[Given material]
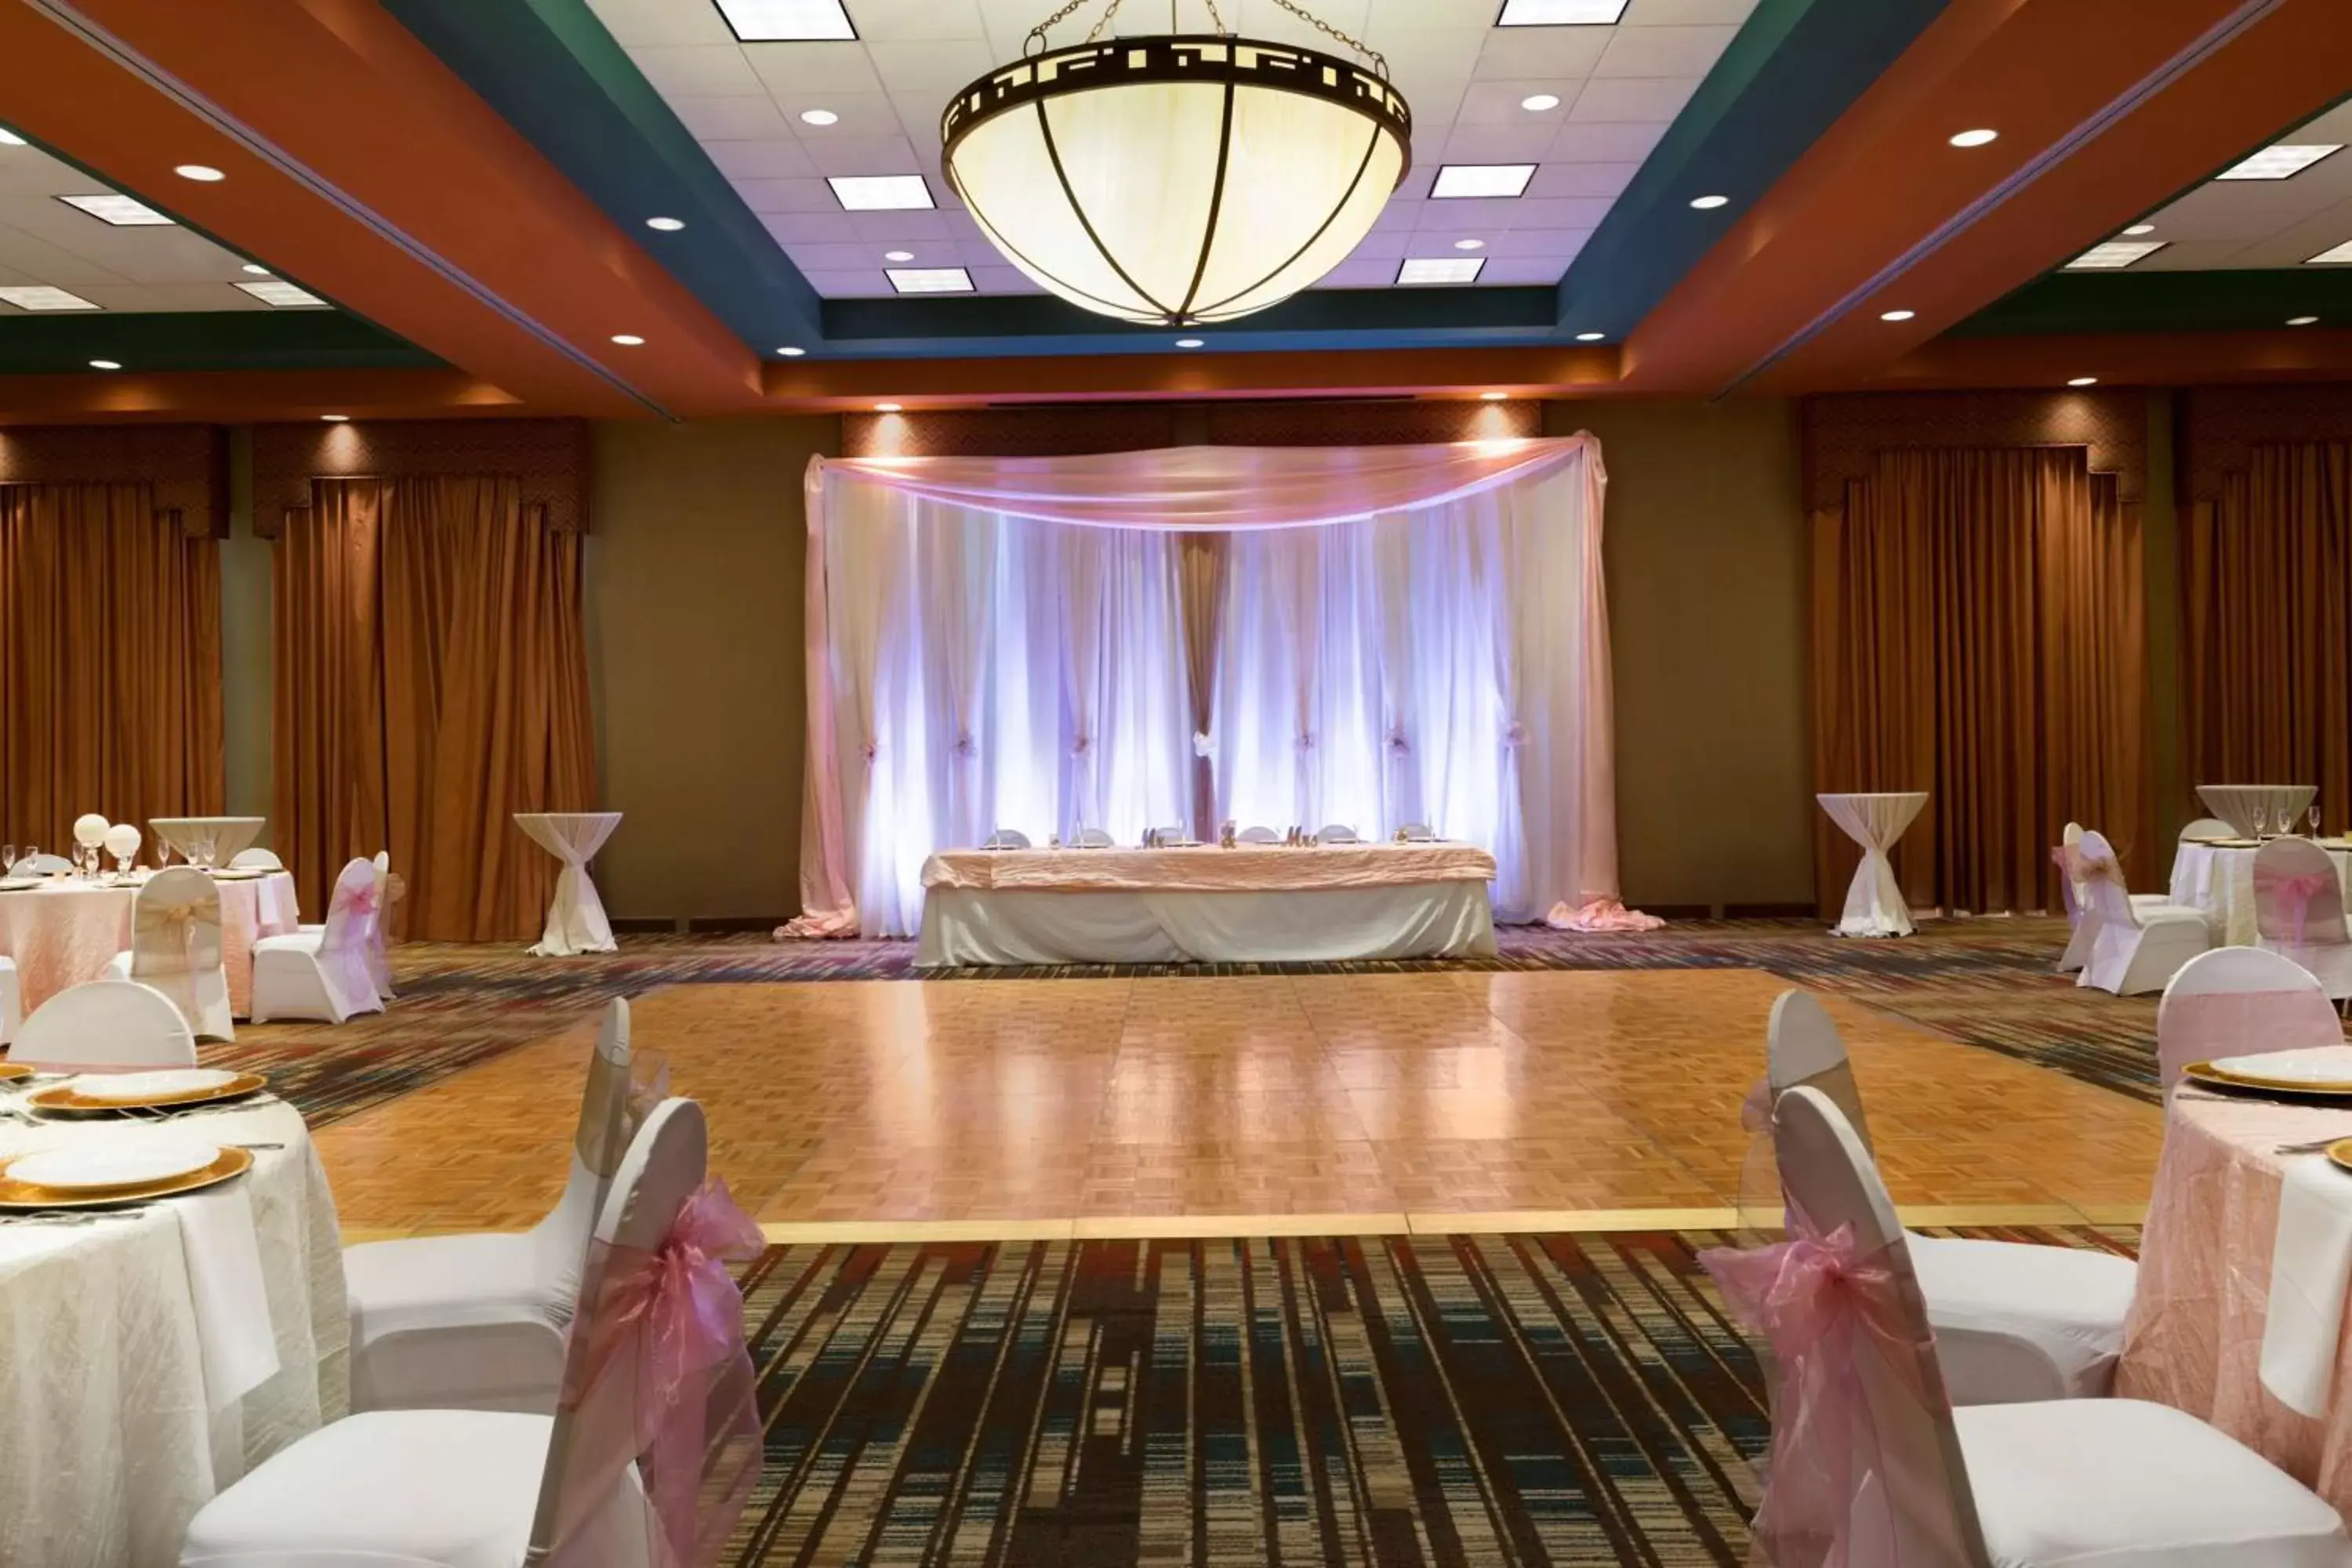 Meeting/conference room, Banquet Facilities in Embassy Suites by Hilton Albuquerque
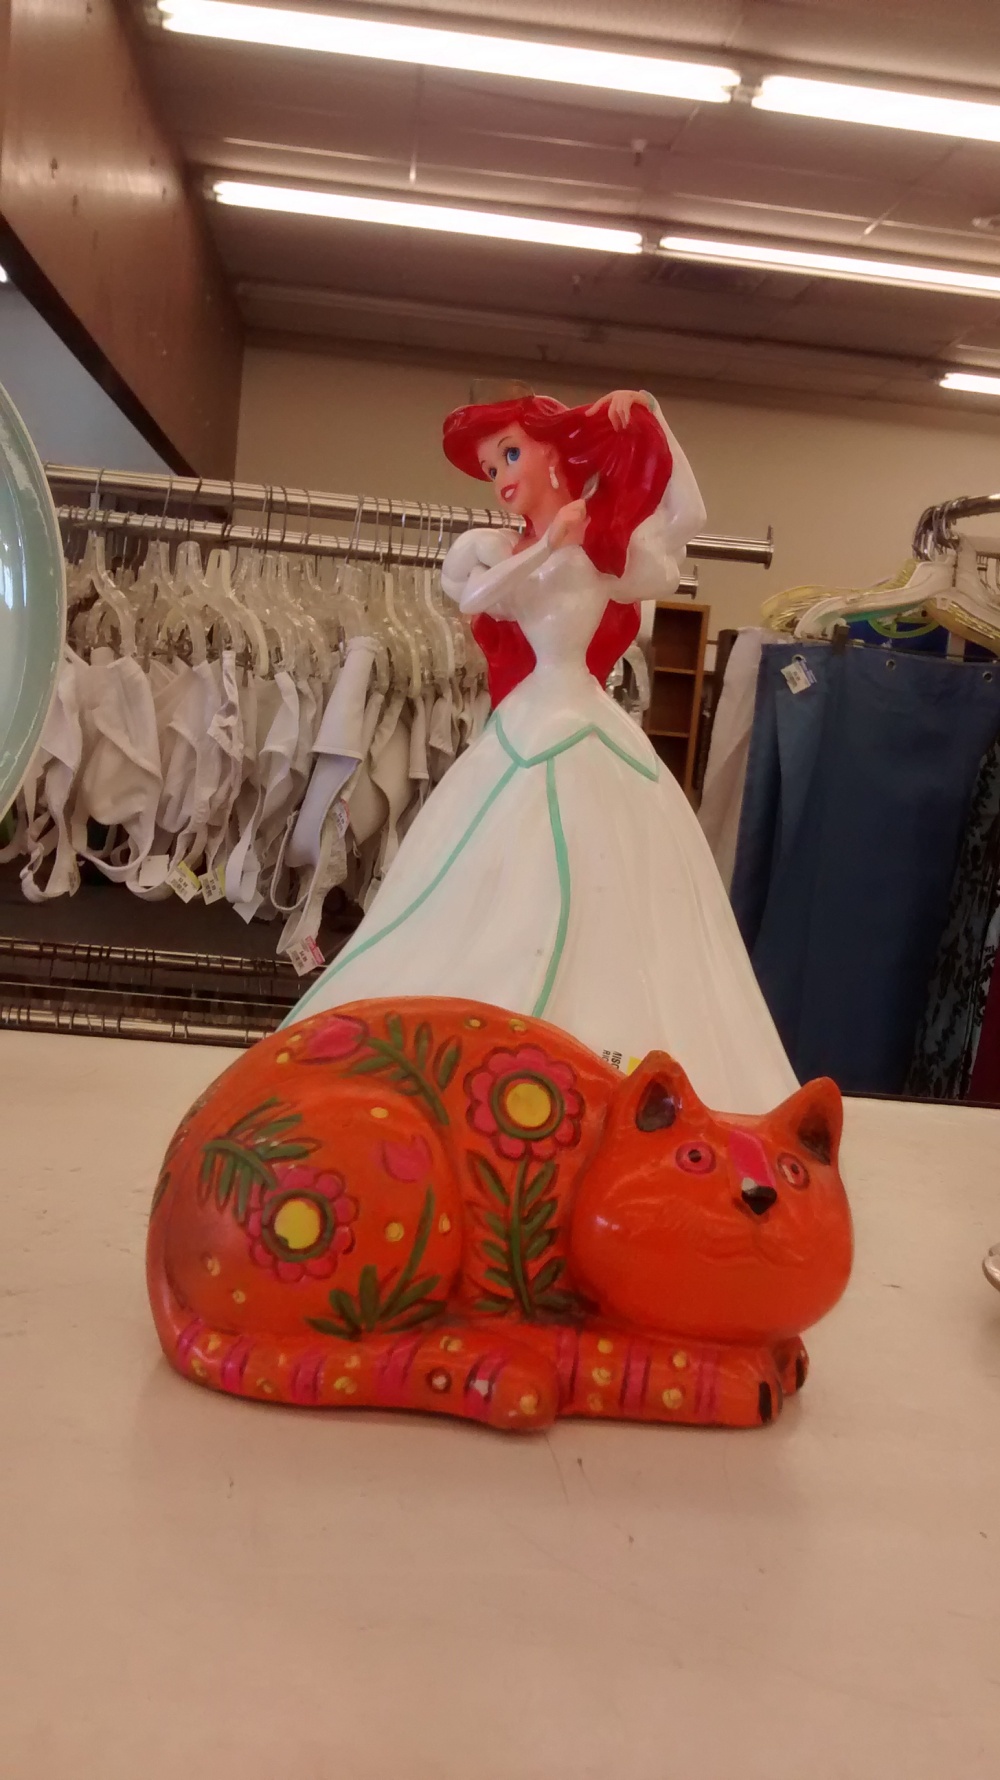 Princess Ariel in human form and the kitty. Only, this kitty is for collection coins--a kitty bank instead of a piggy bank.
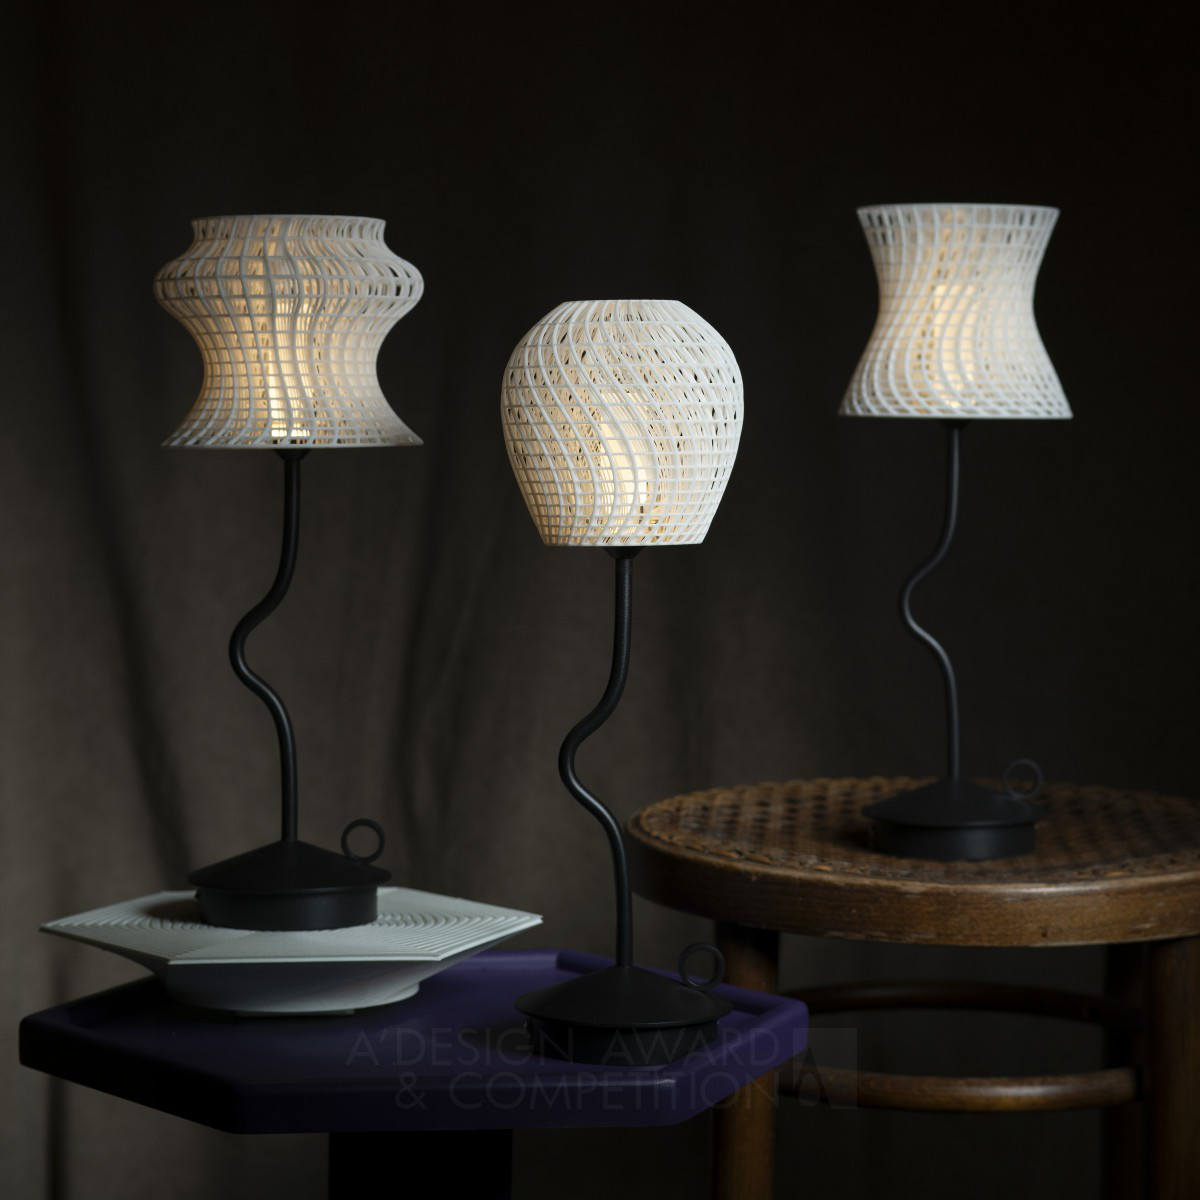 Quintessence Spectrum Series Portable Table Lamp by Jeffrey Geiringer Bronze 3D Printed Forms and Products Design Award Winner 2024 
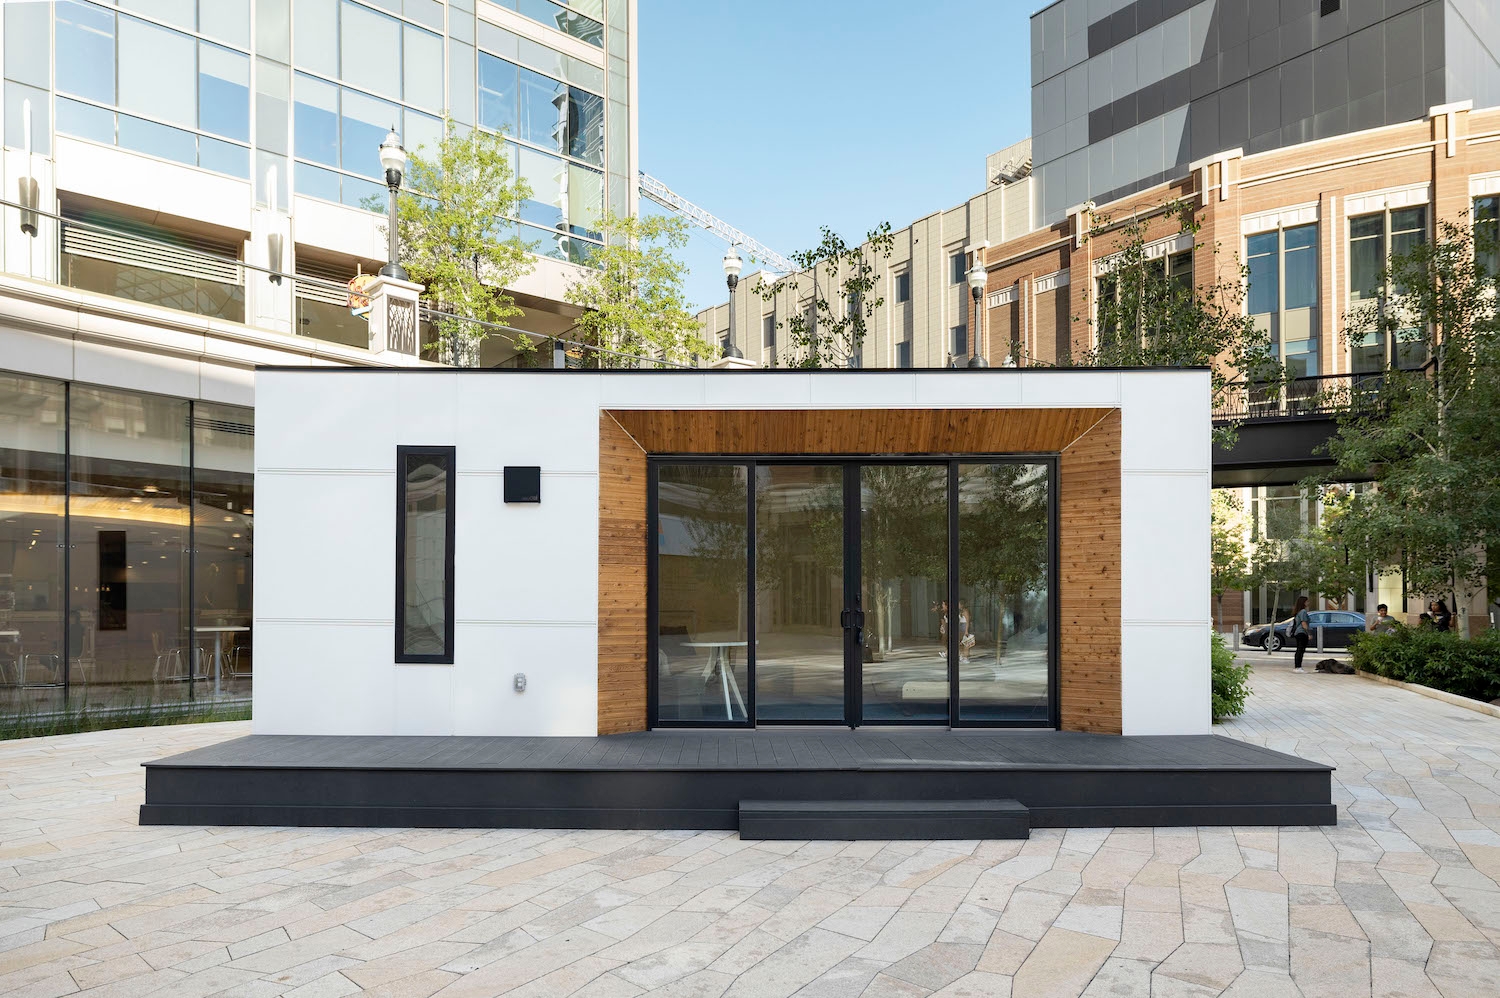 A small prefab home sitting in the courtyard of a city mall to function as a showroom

[What you should do] Word for word, reproduce all of the data, but keep out the pictures.

[Response]
 Meeting/conference room, Banquet Facilities in Embassy Suites by Hilton Albuquerque
 Princess Ariel in human form and the kitty. Only, this kitty is for collection coins--a kitty bank instead of a piggy bank.
 Quintessence Spectrum Series Portable Table Lamp by Jeffrey Geiringer Bronze 3D Printed Forms and Products Design Award Winner 2024 
 A small prefab home sitting in the courtyard of a city mall to function as a showroom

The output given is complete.